Und plötzlich hob sich ihr Brustkorb. Das erste Mal in ihrem kurzen Leben atmete sie, das erste Mal schrie sie. Sie war ein zweites Mal geboren worden. Doch schrie sie nicht aus Freude, sondern aus Trauer. Sie weinte bis sie zu erschöpft war, um um ihren Vater zu trauern und fiel das erste Mal in den Schlaf eines Lebenden.
In ihrem Traum stand sie, eine dünne kleinere Version ihrer Mutter, mit ihren zarten Elfenzügen und dem langen braunen Haar, aber mit den brennenden Augen ihres Vaters dem Geist gegenüber.
Er streichelte ihr über die Wange und lächelte. Sie wusste er war für ihr Leben gestorben. Jetzt war er in ihr und ermöglichte ihr das Leben, das ihr ihre Mutter nicht gegeben hatte. Sie weinte, weil er für sie gestorben war. Sie weinte, weil er nun für immer bei ihr bleiben würde. Sie weinte, weil ihre Mutter ihn dazu getrieben hatte. Dann umarmte er sie und sie verstand, dass auch sie einen Preis zahlen müsse. Nie würde sie wirklich sie selbst sein. Zu jeder Zeit wäre sie sowohl Tochter, als auch Vater. Aber diesen Preis zahlte sie gerne. Die Natur in ihr wusste, dass es keine andere Wahl außer dem Leben gab. Und so wuchs sie im Inneren des Lotus
heran, bis sie dank des Lebens ihres Vaters groß genug war um selbständig gehen zu können. Mit ihren eigenen Händen zog sie die Blätter des Lotus auseinander. Auch wenn er sie im Auftrag ihrer Mutter nicht gehen lassen wollte, schaffte sie es ins Freie und entfloh ihrem zweiten Mutterleib. Ihr erster Schritt, die erste Berührung mit dem Boden des Urwalds, bezeugte letztendlich ihre zweite Geburt. Die Baumgeister riefen ihren Namen und der Wind trug ihn in die hintersten Ecken, die tiefsten Schatten Schatten des Waldes, sodass auch die kleinste Spitzmaus und der zurückgezogenste Geist die Neuigkeiten
vernahm.
Ein neues Wesen wurde geboren! Die Tochter eines Gotts, eines Menschen und der Natur lebte!
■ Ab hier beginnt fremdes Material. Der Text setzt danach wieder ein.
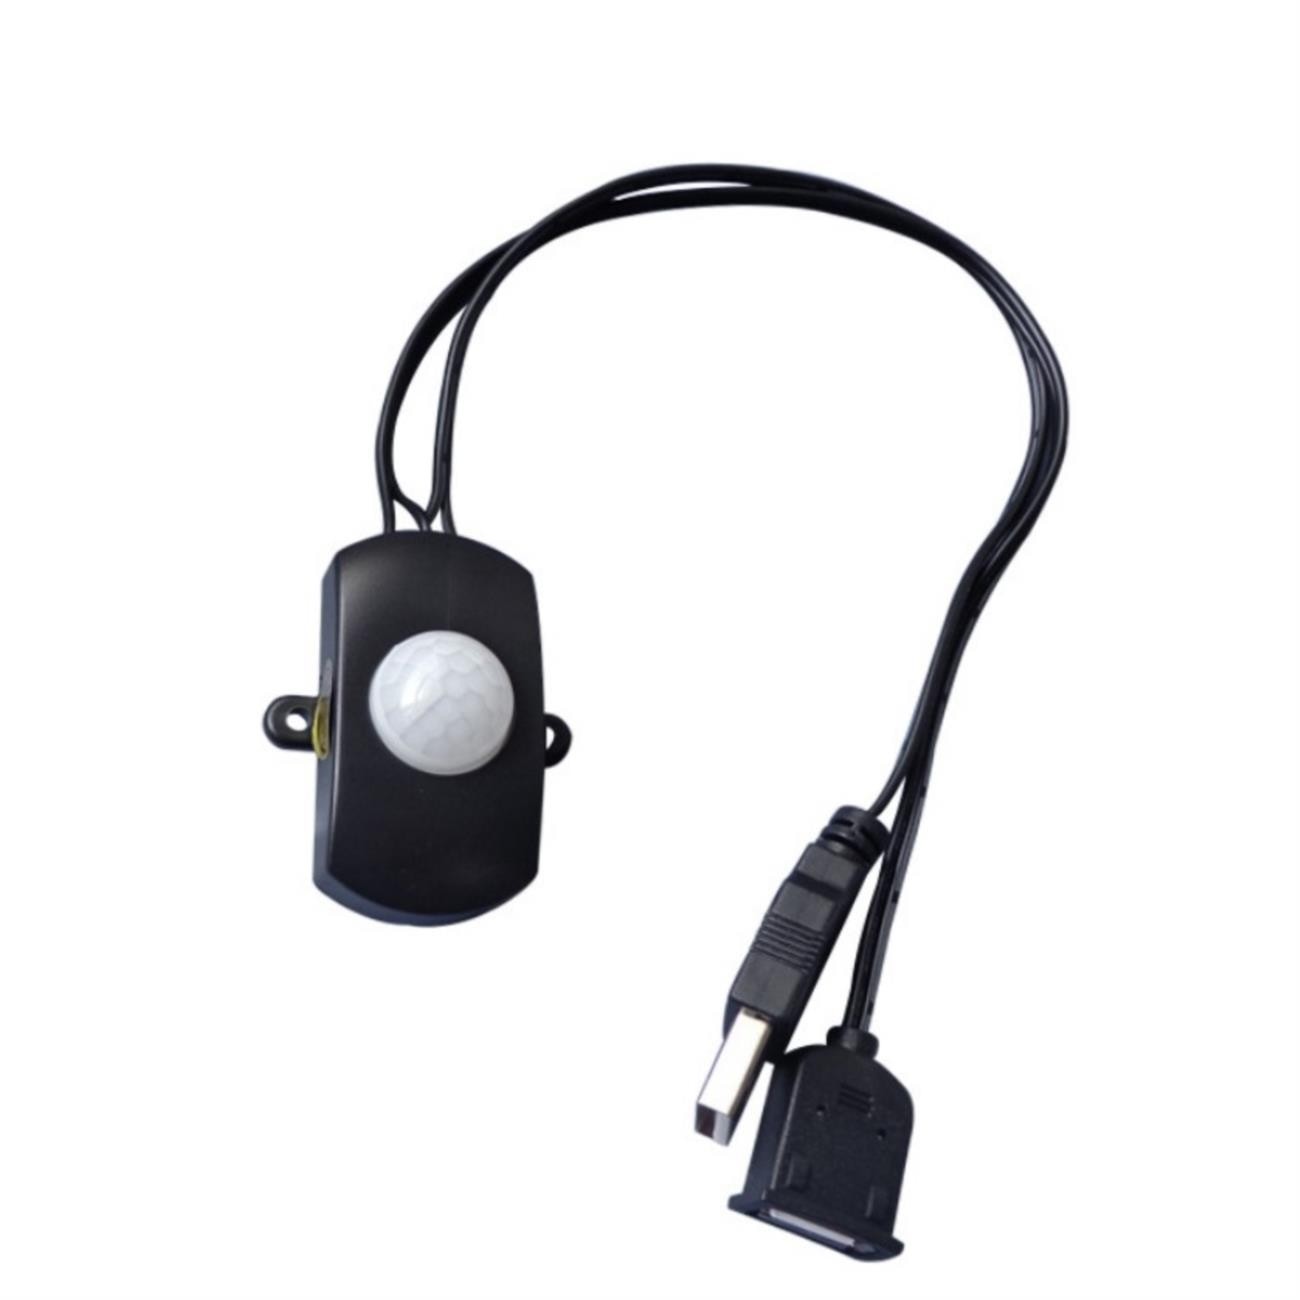 12V PIR Body Infrared Motion Sensor Switch LED Strip Detector Portable Switch Automatic On Off For LED Strip Light Lamp

Angespannt klapperten die übrigen Geister mit ihren Gliedern. Seit Anbeginn der Zeit hatten sie dergleichen nicht erlebt. Und deswegen fürchteten sie sich. Sie erkannten das Feuer ihres Vaters in ihren Augen und stellten sich vor in ihnen zu verbrennen. Denn sie hatte Gründe zu zerstören. Doch anstatt zu wüten, umarmte das kleine Mädchen die Erde, die Bäume und Flüsse. Sie küsste die Geister, worauf jene
frohlockten und das erste Mal eine Entscheidung trafen. An jenem Tag akzeptierten sie die Vaterstochter der Dreinigkeit von Gott, Mensch und Natur, um sie zu lehren, was selbst ihre Mutter nicht wusste. Dabei sangen sie mit den Instrumenten des Waldes ein Lied, das die nächsten Jahre zu jeder Zeit das Leben im Wald begleitete.
“Trauert, denn die Göttin hat uns verlassen.
Feiert, denn die Verbotene lebt nun unter uns.
Lacht, denn die Kleine ist auch unsere Tochter.
Spürt den Segen der Sterblichkeit und
frohlockt!
Die Vaterstochter wird uns nicht vergessen.”